Developers, builders and others who will be working within these codes on future projects expressed various concerns.

“There’s a fear factor,” she said. “What if it doesn’t work? What if it’s going to cost more? What if it’s going to prohibit development? Those are legitimate issues. That’s why it took so long — to be sure that all of us were comfortable with the outcome. The last thing any of us want to do is to hamper economic development. We’re all in this for economic development and quality of life.”

Consequently, nothing’s set in stone. By its nature, urban design is evolutionary.

“It’s not hard and fast,” she said. “Something this big and this broad can’t be perceived as perfect the first time out. That’s why the Technical Advisory Committee decided to stay together to be that sounding board. If the language doesn’t meet the intent then let’s by all means change it. We’re already working on some issues that we discovered need to be changed.”

The committee also serves on the city’s Design Review Board, which is charged with interpreting the codes.

Redesigning Omaha carries the responsibility of being true to all those who’ve participated in the process.

“In a way we’re protecting the interests of all the people that attended meetings and voiced their opinions,” she said. “So we really felt this was a mandate from the community. We went through this process not just as an exercise but as something we want to see because we love our city and we want to make it better. I take that as a responsibility and I don’t want to stop until we’re done.”

Omaha By Design recently released its Streetscape Handbook. This primer for project managers, developers and design professionals offers guidelines for creating enhanced streetscape environments that give careful attention to street fixtures rather than treat them as afterthoughts.

“It deals with all of the street furnishings in the public right of way,” she said. “Signage, street lights, wires, bike racks…If you think about the placement of this stuff you have to have anyway, if you think about maintenance and sustainability and how it relates to each other and how it looks on the street, it makes a whole different visual impression.”

The committee that generated the handbook was made up of architects, landscape designers, city planners, public works professionals, roads experts and “anyone that had something to do with the placement of street furnishings or the streetscape,” she said. “We worked together for 27 months, once a month, to figure out what we needed to do and how we could do it. I think we’re proud of what we’re presenting. It’s an example of people working together because there’s a vision of what we want out city to be some day.”

None of this could happen, she said, without broad support and participation. “We rely heavily on volunteers and community leadership to make these things happen,” she said.

Where is Omaha By Design’s work taking shape?

Projects have now been identified in each of the Urban Design Element’s goals, “which I think is very exciting,” Spellman said. Keep Omaha Beautiful is undertaking one of the first projects — a landscaped highway’s edge at I-680 and Center.

Other efforts are in progress or soon to start. Omaha By Design acts as project manager for some, including the Benson-Ames Alliance, a comprehensive plan for integrating the design of commercial centers with their neighborhoods. The goal is mixed-use centers that blend retail, residential and office in a balanced manner. The plan also addresses transportation, housing and public space issues.

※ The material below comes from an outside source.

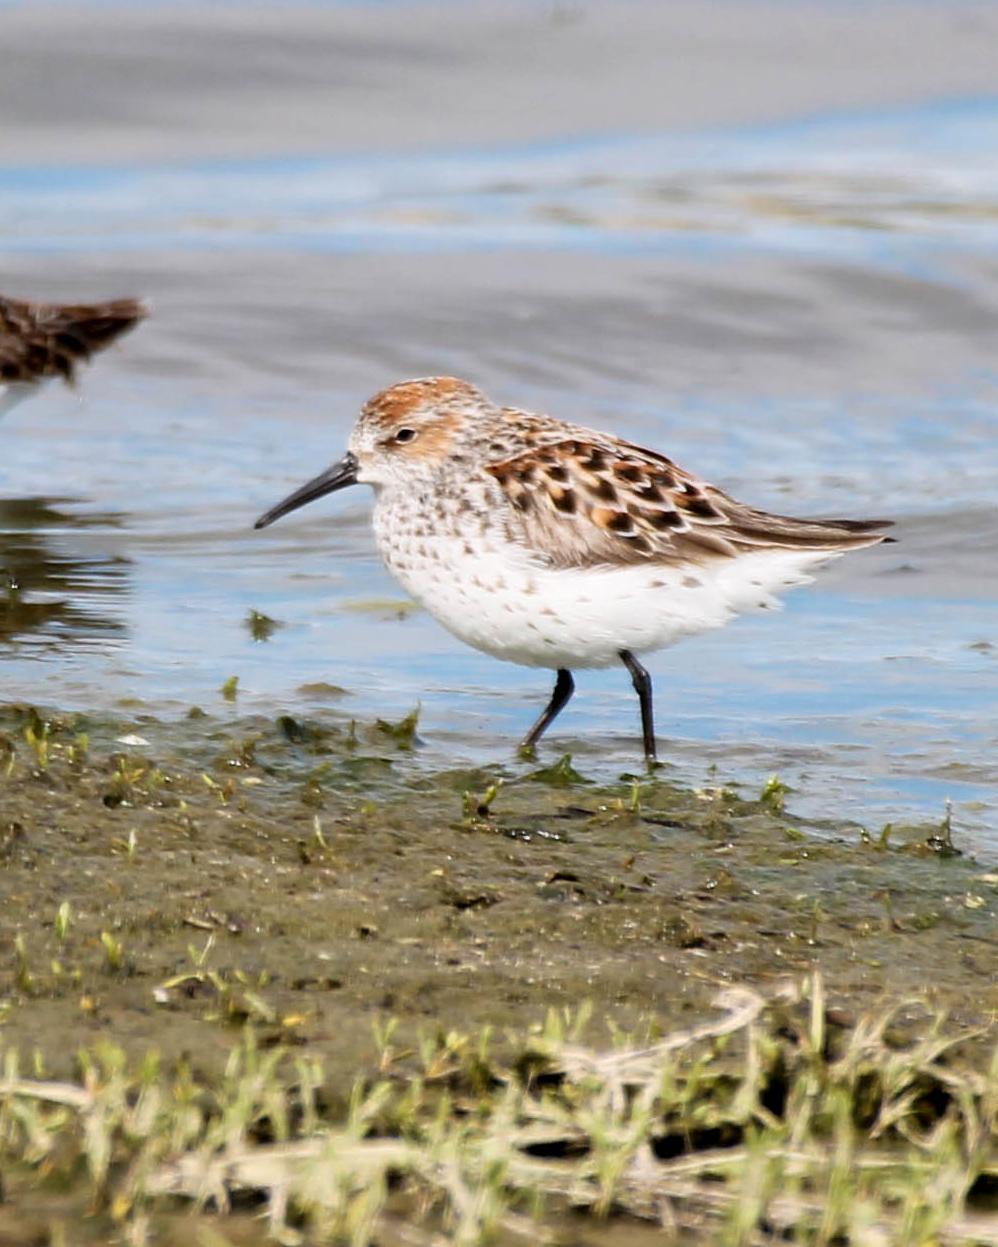 Western Sandpiper Photo by Dylan Hopkins

The Alliance has two projects underway — the Cole Creek Project and the Maple Street Corridor Project. The first entails various stormwater construction to help cleanse runoff and moderate the amount of water flowing into Cole Creek; the second designs functional-decorative streetscapes along the Maple corridor and builds on the entrepreneurial growth under way in downtown Benson with a goal of spurring development in neighboring sectors.

All this activity requires Spellman attend many meetings.

“My to-do lists are pages long,” she said.

But she’s doing exactly what she wants to do.

“I’m very fortunate. It’s just a gift. I am totally content and most days very excited about the potential of what we’re doing.”